• Task prompt
Set down each line of the material that follows exactly, and leave its pictures out.

• Stored data

>>

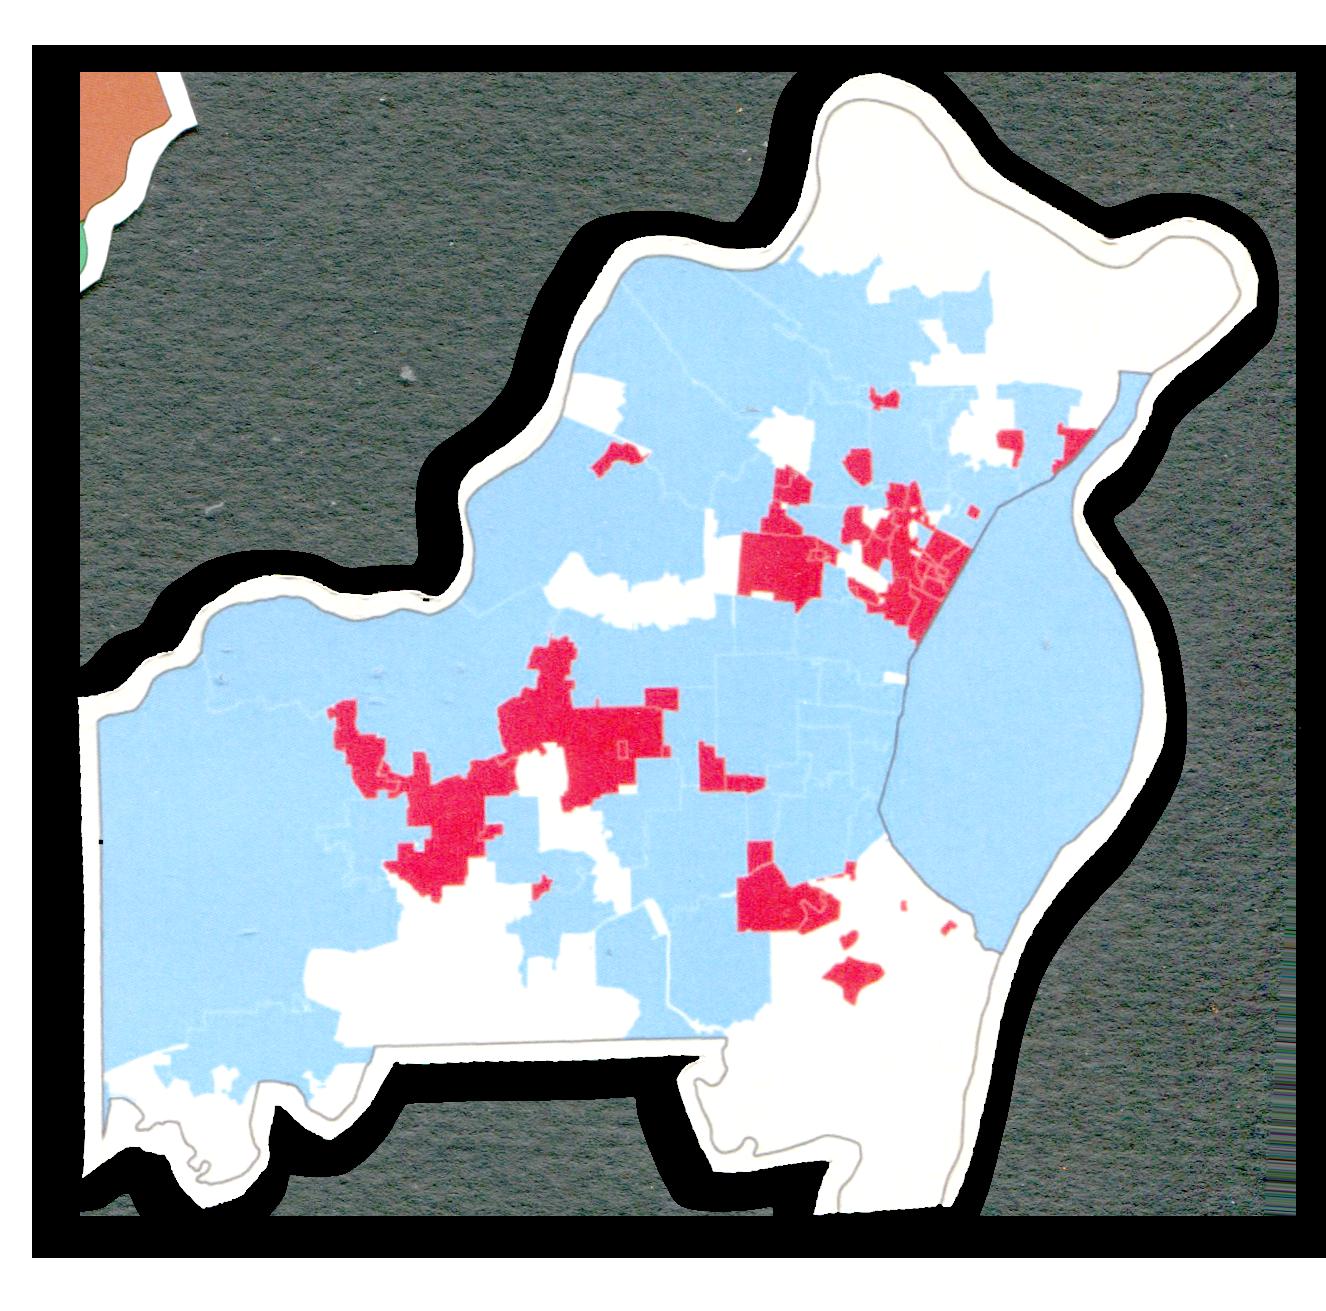 St. Louis, Debt map
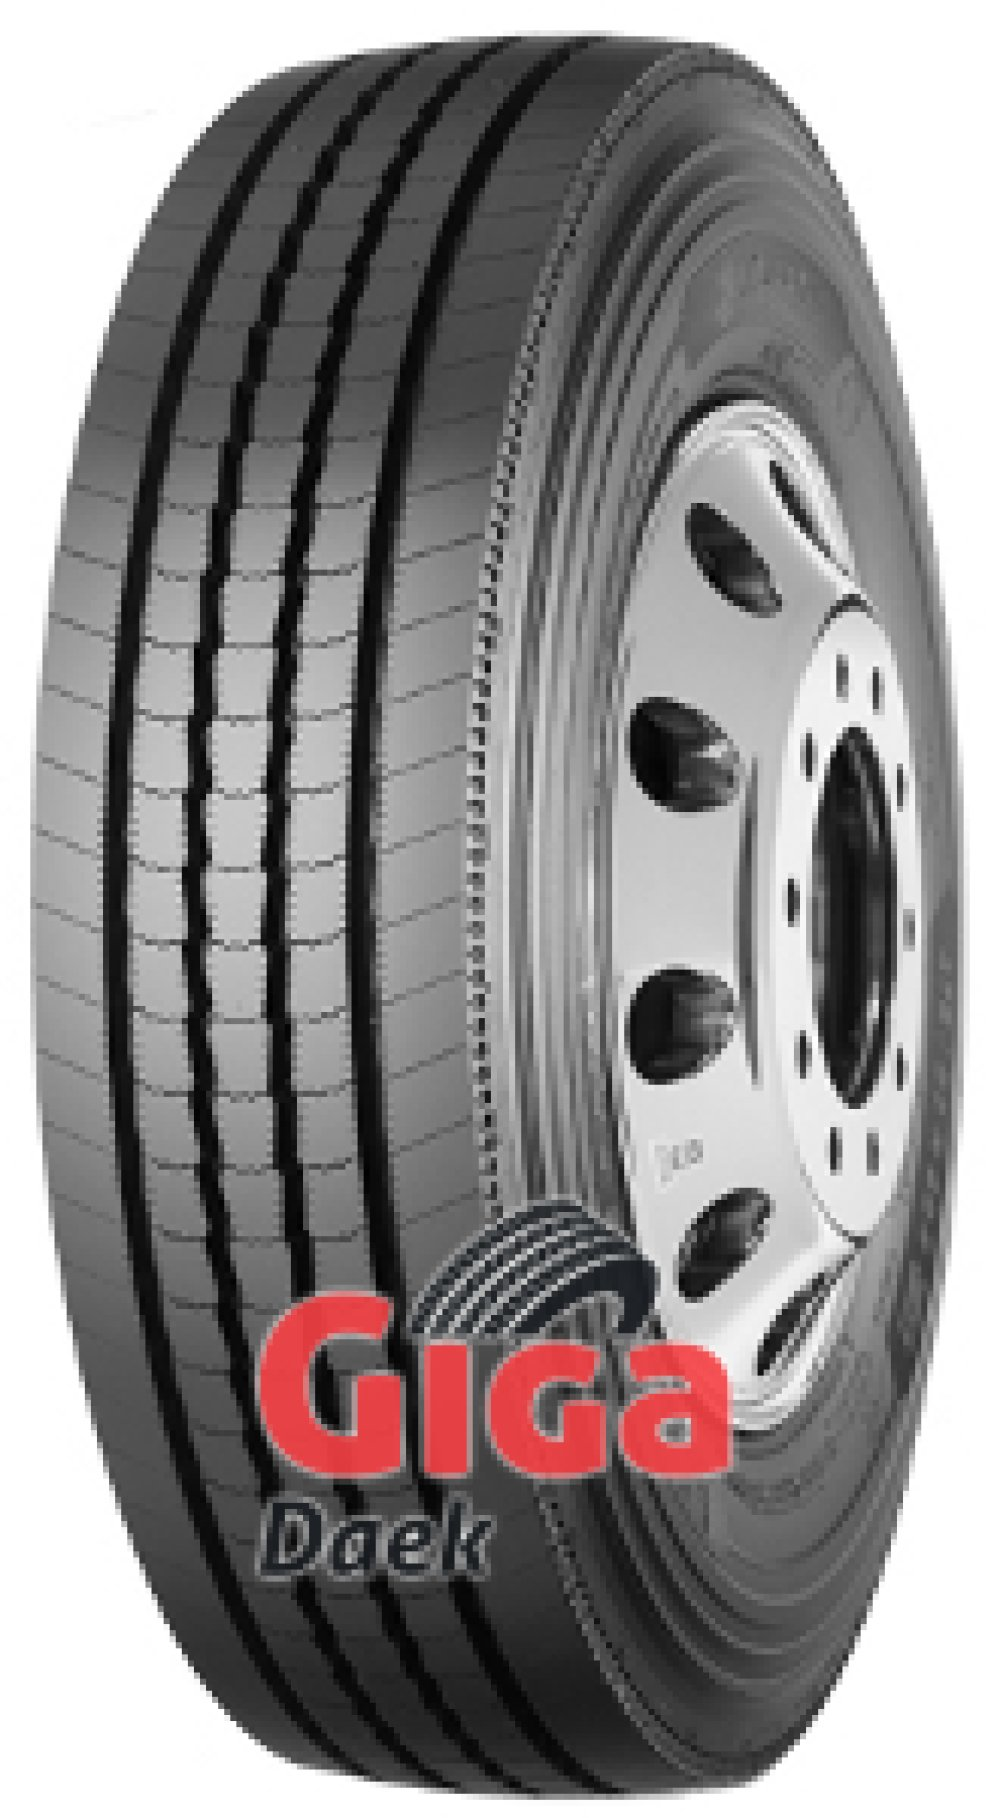 https://image.delti.com/tyre-pictures/h300/Brands/Goodyear/169/Profil_vector4seasonsg2_WM.jpg
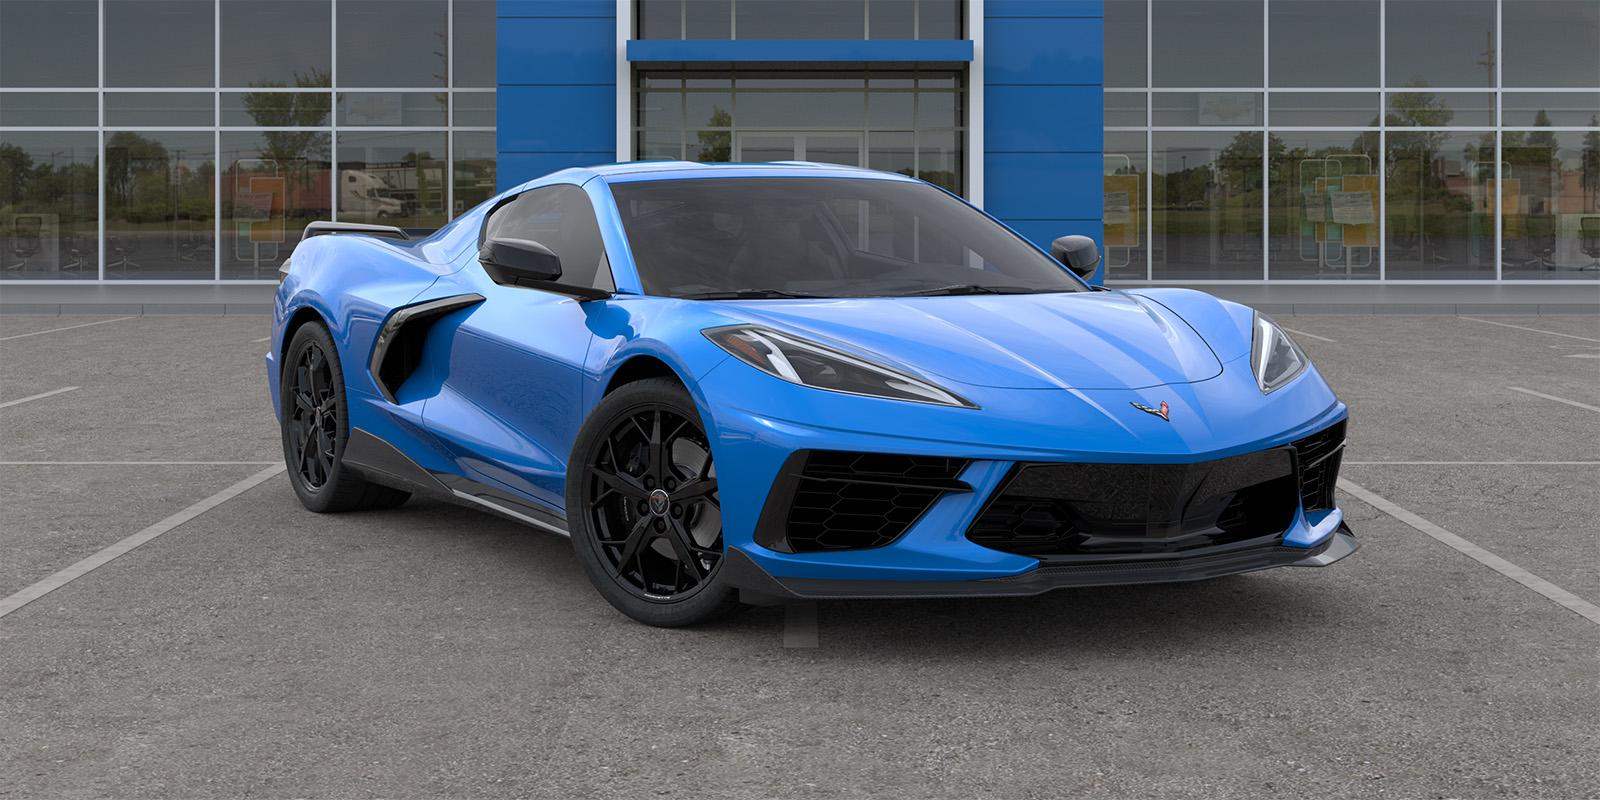 2020_Corvette_4_1600x900

<<

• Completed exercise
 St. Louis, Debt map
 https://image.delti.com/tyre-pictures/h300/Brands/Goodyear/169/Profil_vector4seasonsg2_WM.jpg
 2020_Corvette_4_1600x900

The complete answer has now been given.